STORED DATA |
--- START ---

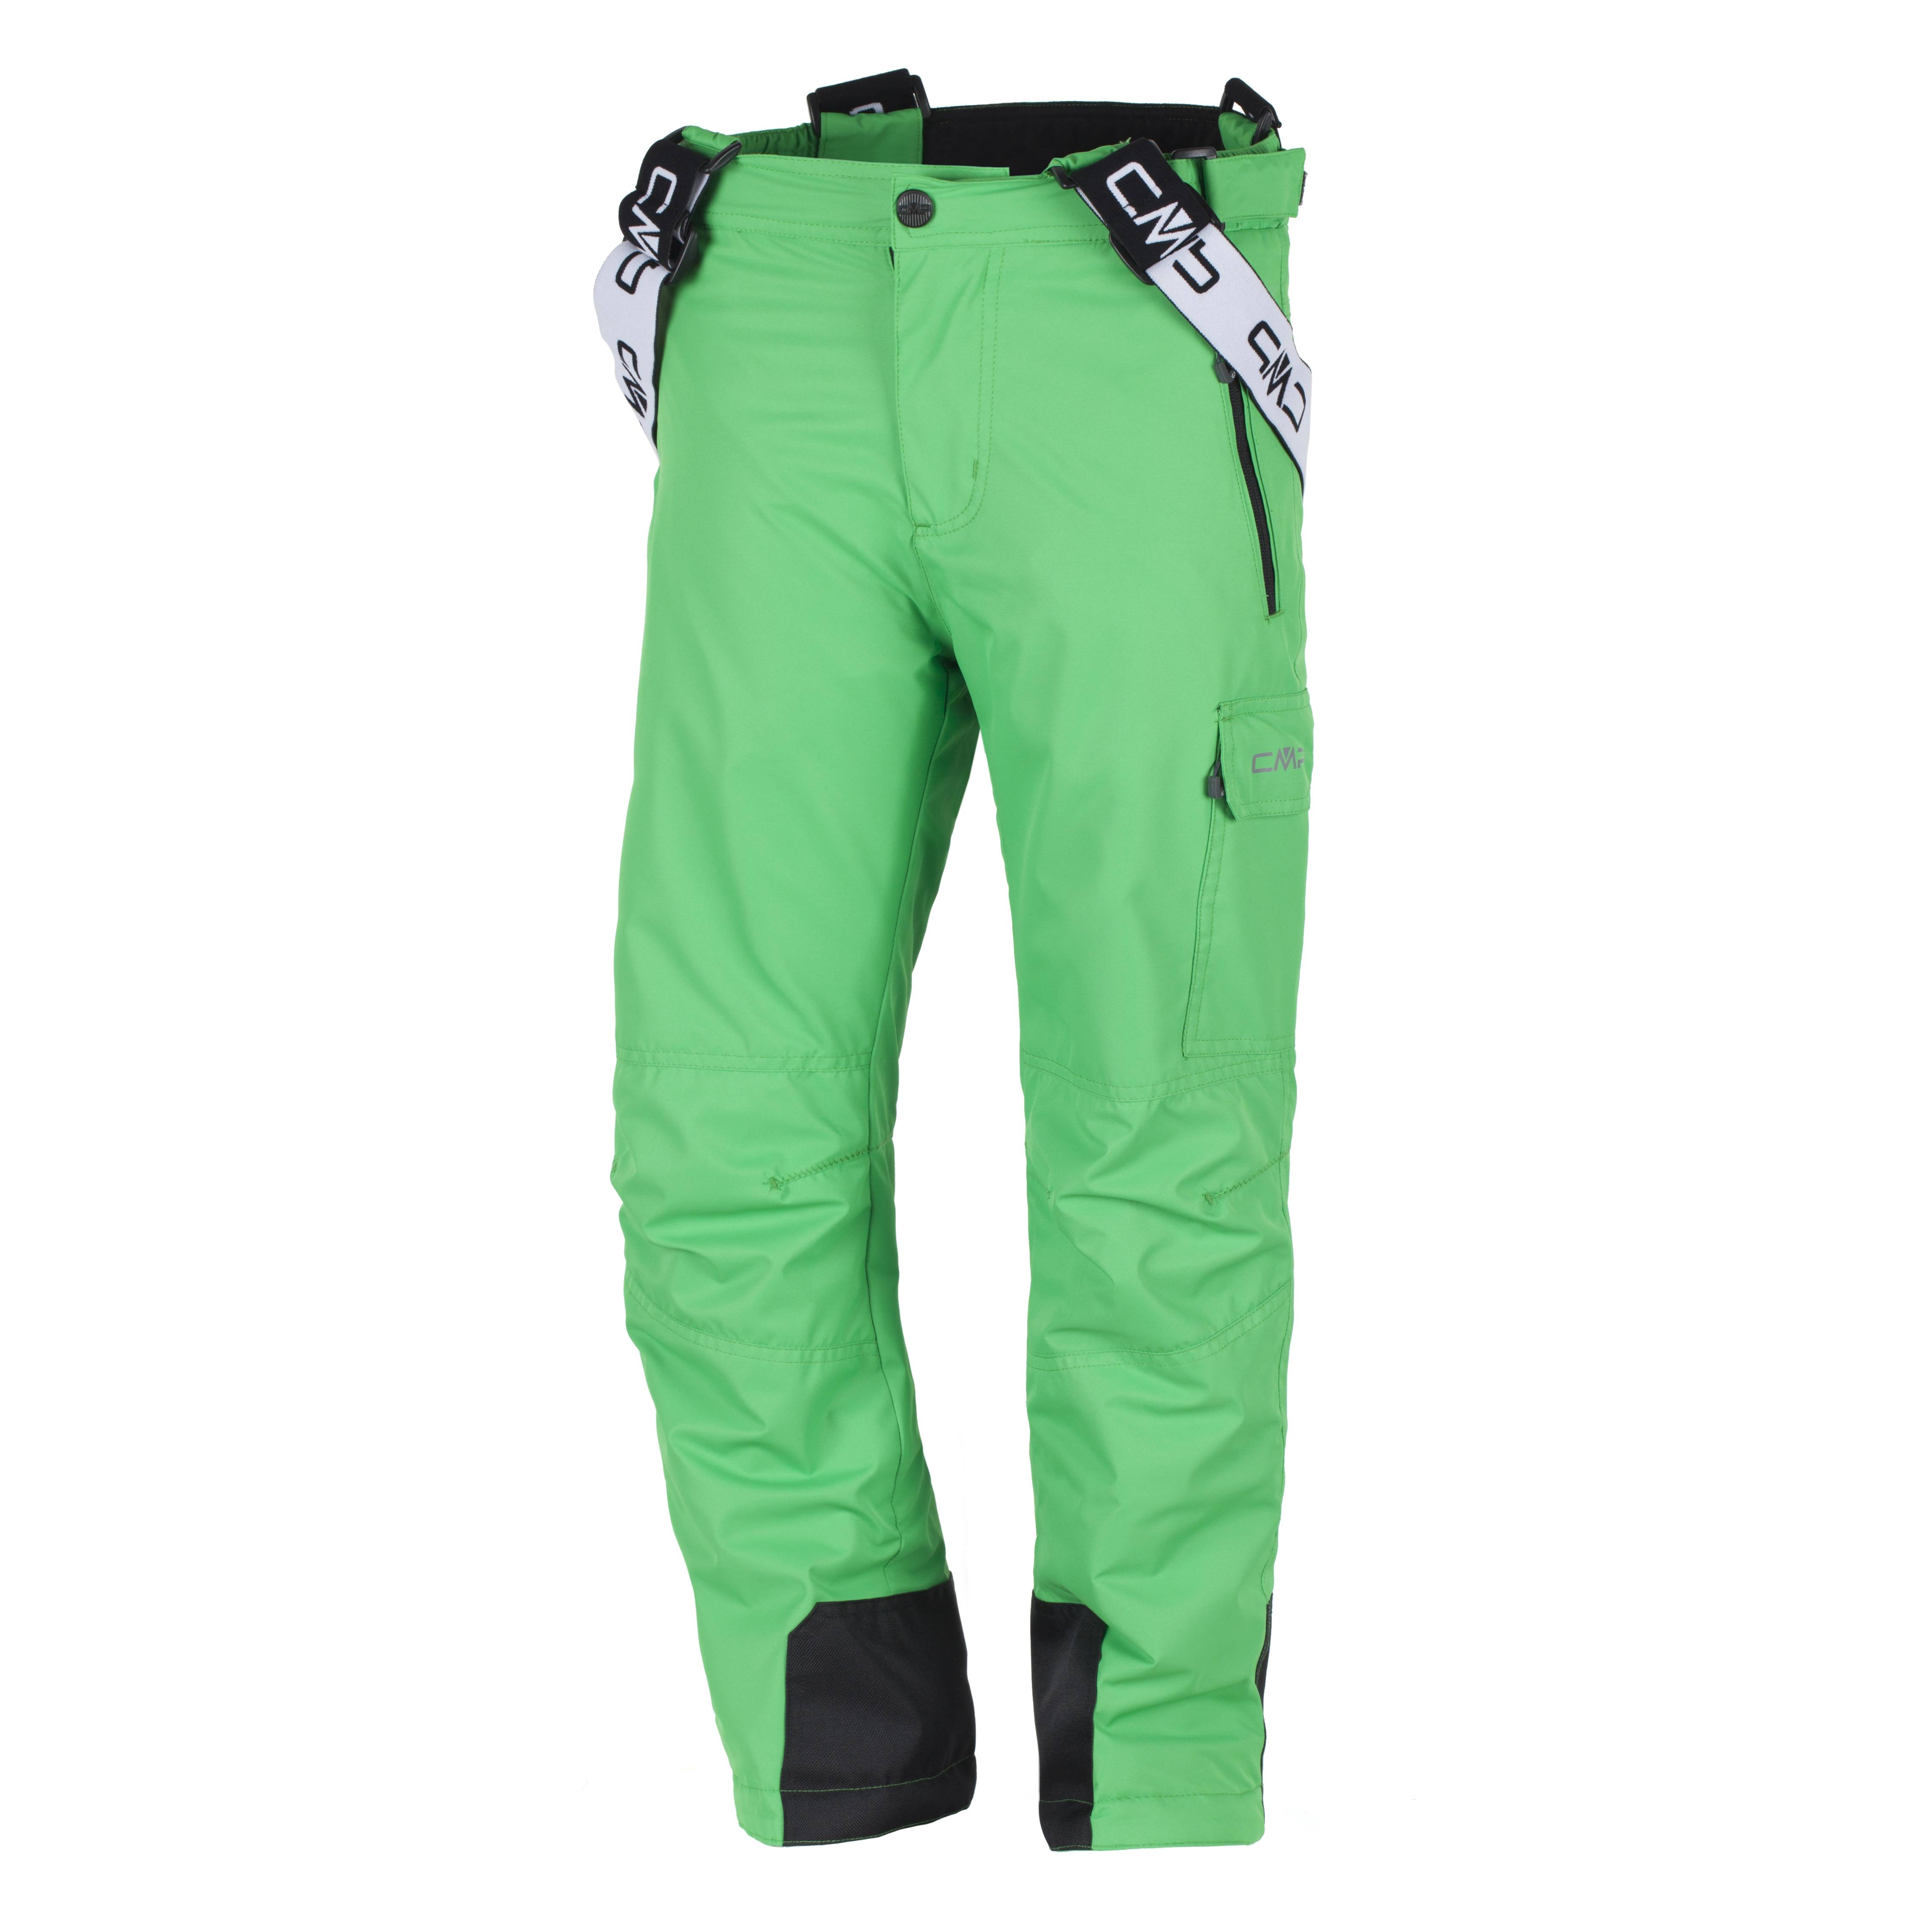 CMP-Pantalones-Esqui-invierno-de-snowboard-verde-ClimaProtect-aislamiento
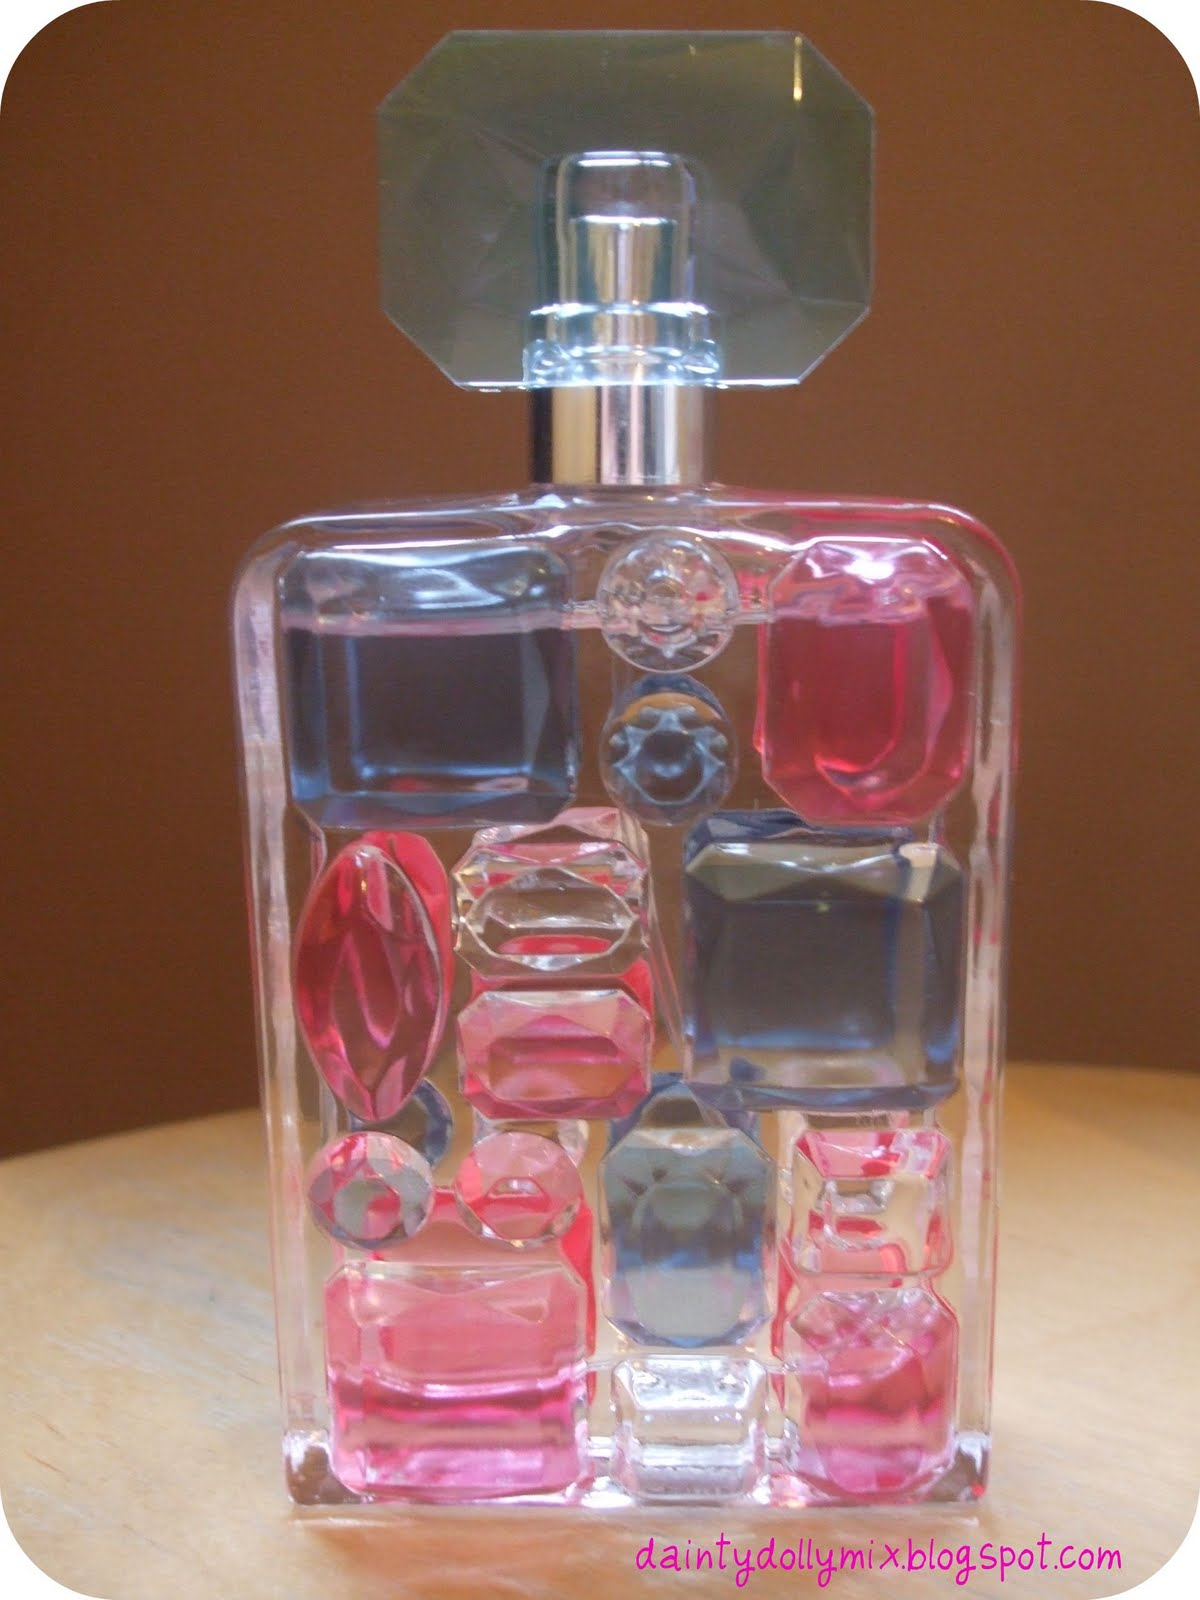 Dainty dollymix uk beauty blog new britney spears perfume for Britney spears perfume
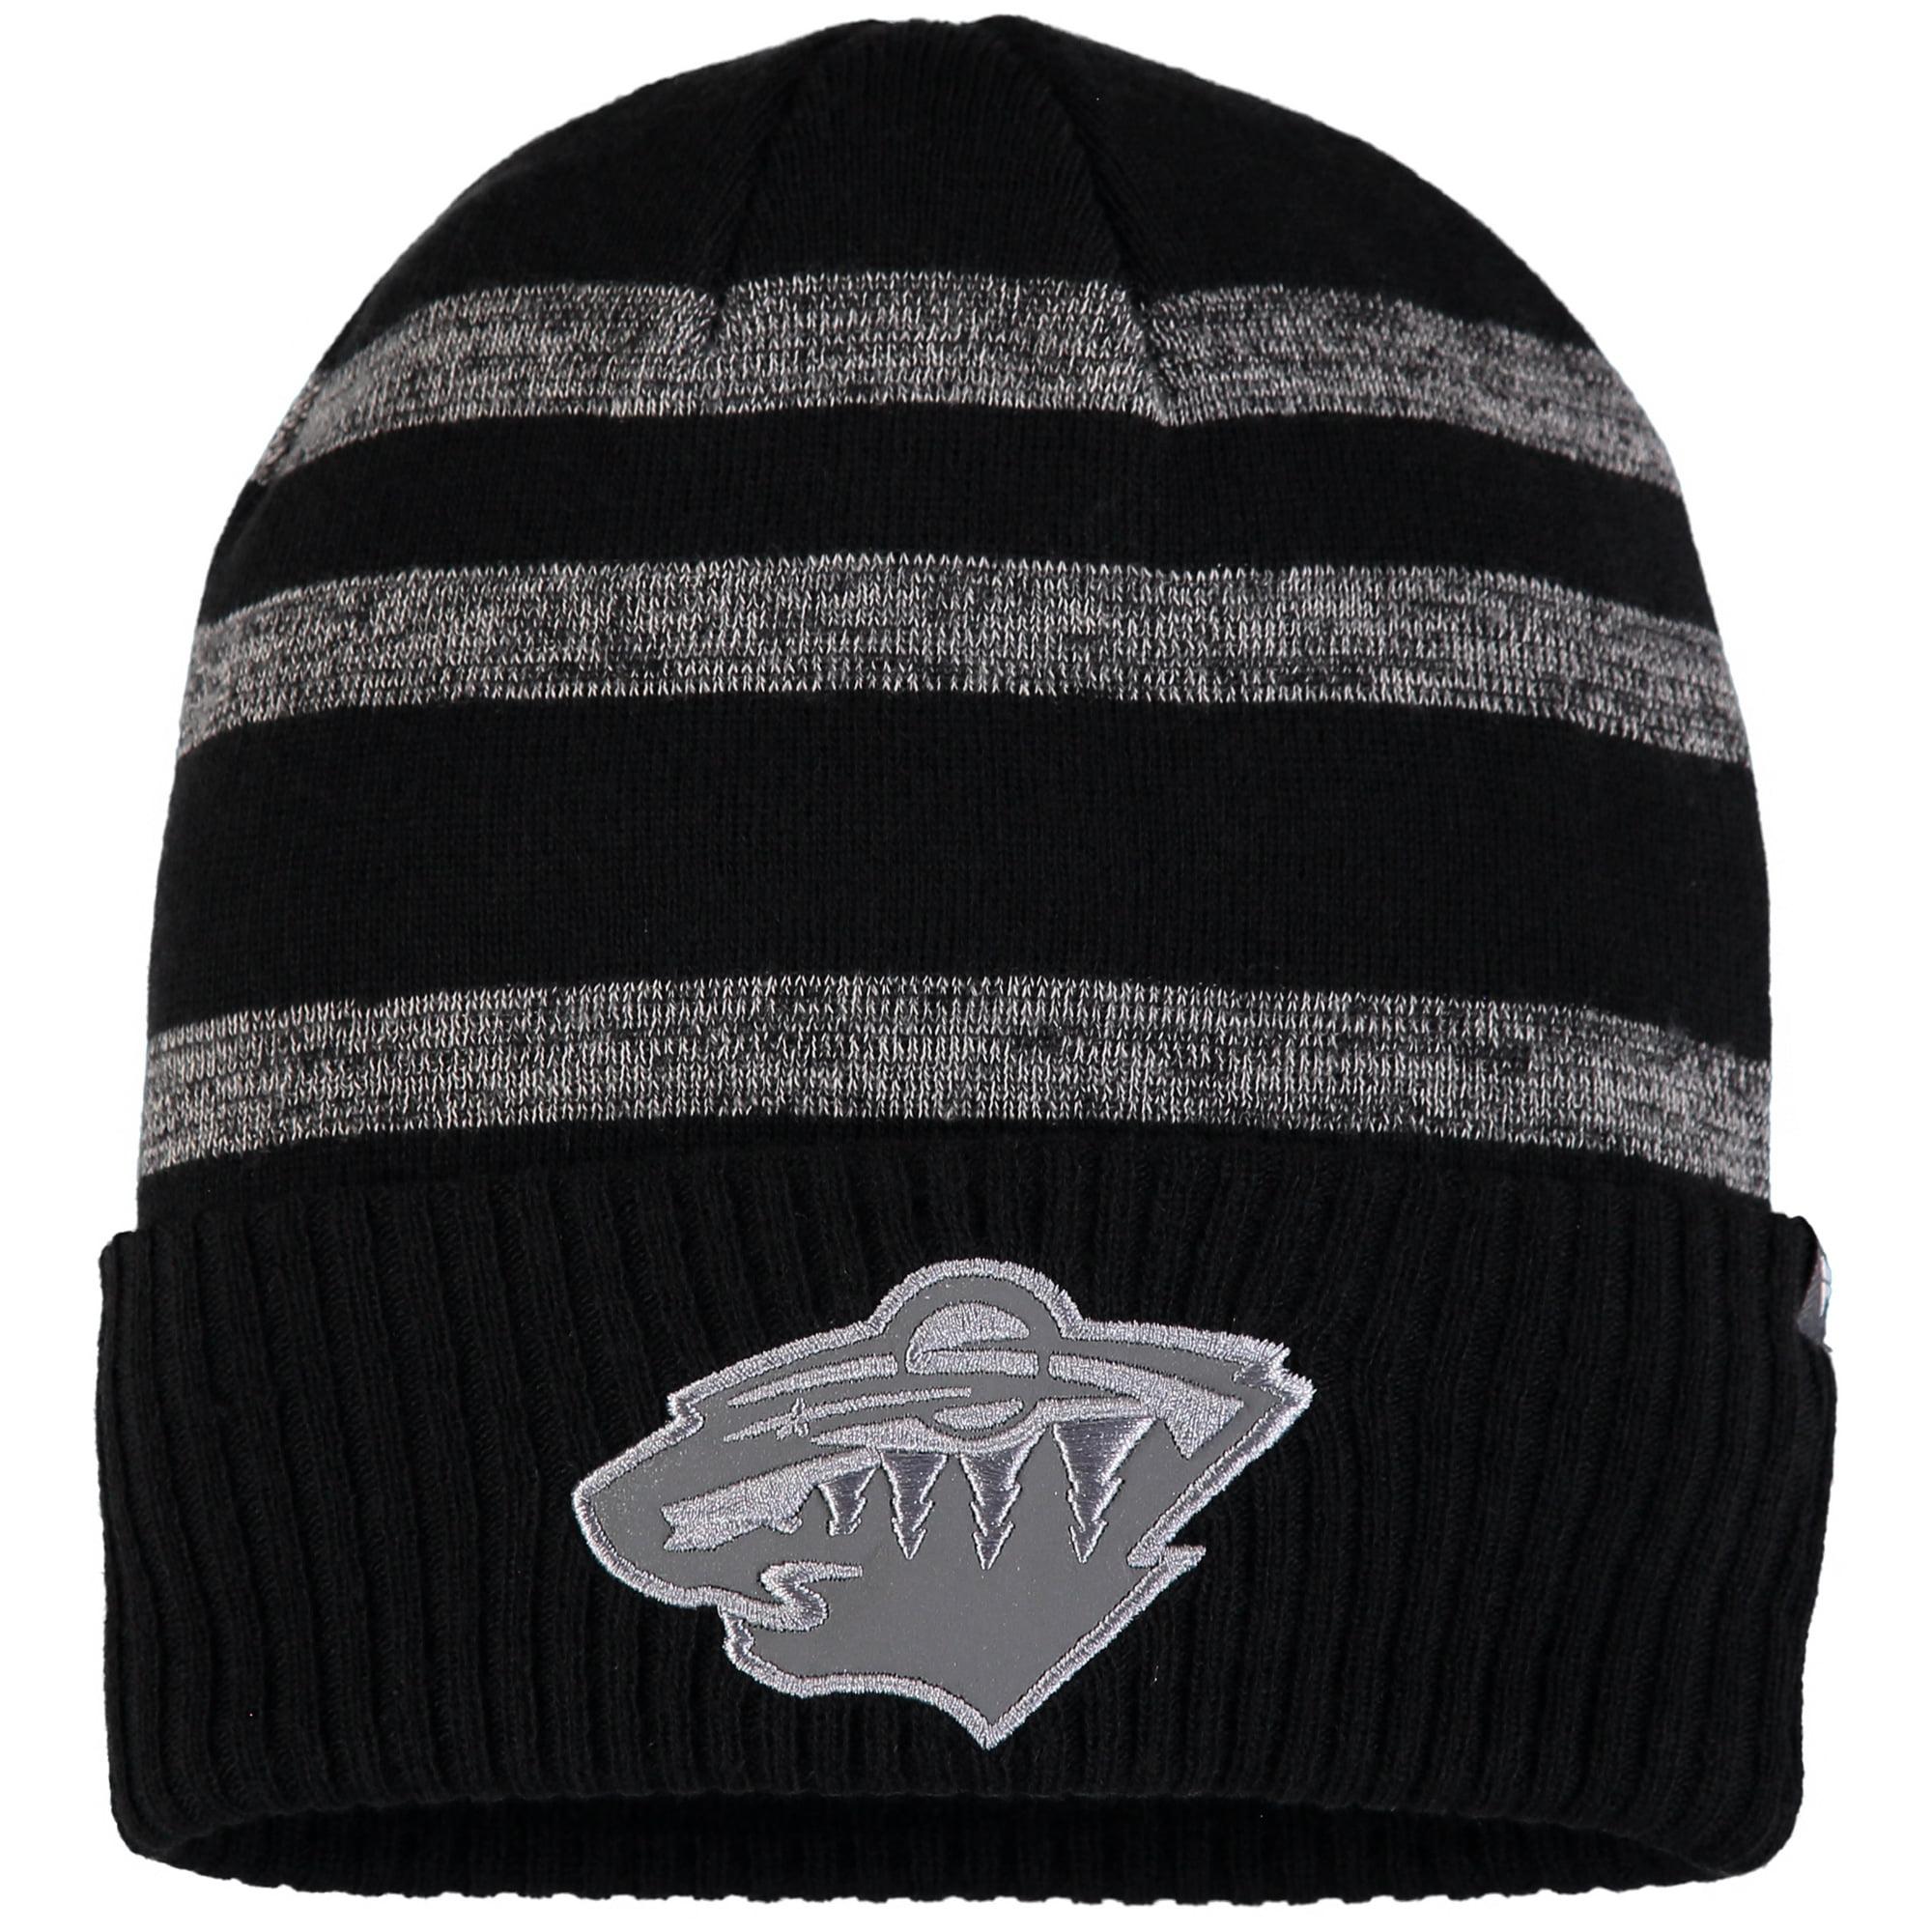 Minnesota Wild Fanatics Branded Reflective Sneaker Cuffed Knit Hat - Black/Gray - OSFA

--- END ---

WORK TO COMPLETE | Please copy the data shown above precisely, leaving the images out.

OUTPUT FOR THIS TASK |
 CMP-Pantalones-Esqui-invierno-de-snowboard-verde-ClimaProtect-aislamiento
 Dainty dollymix uk beauty blog new britney spears perfume for Britney spears perfume
 Minnesota Wild Fanatics Branded Reflective Sneaker Cuffed Knit Hat - Black/Gray - OSFA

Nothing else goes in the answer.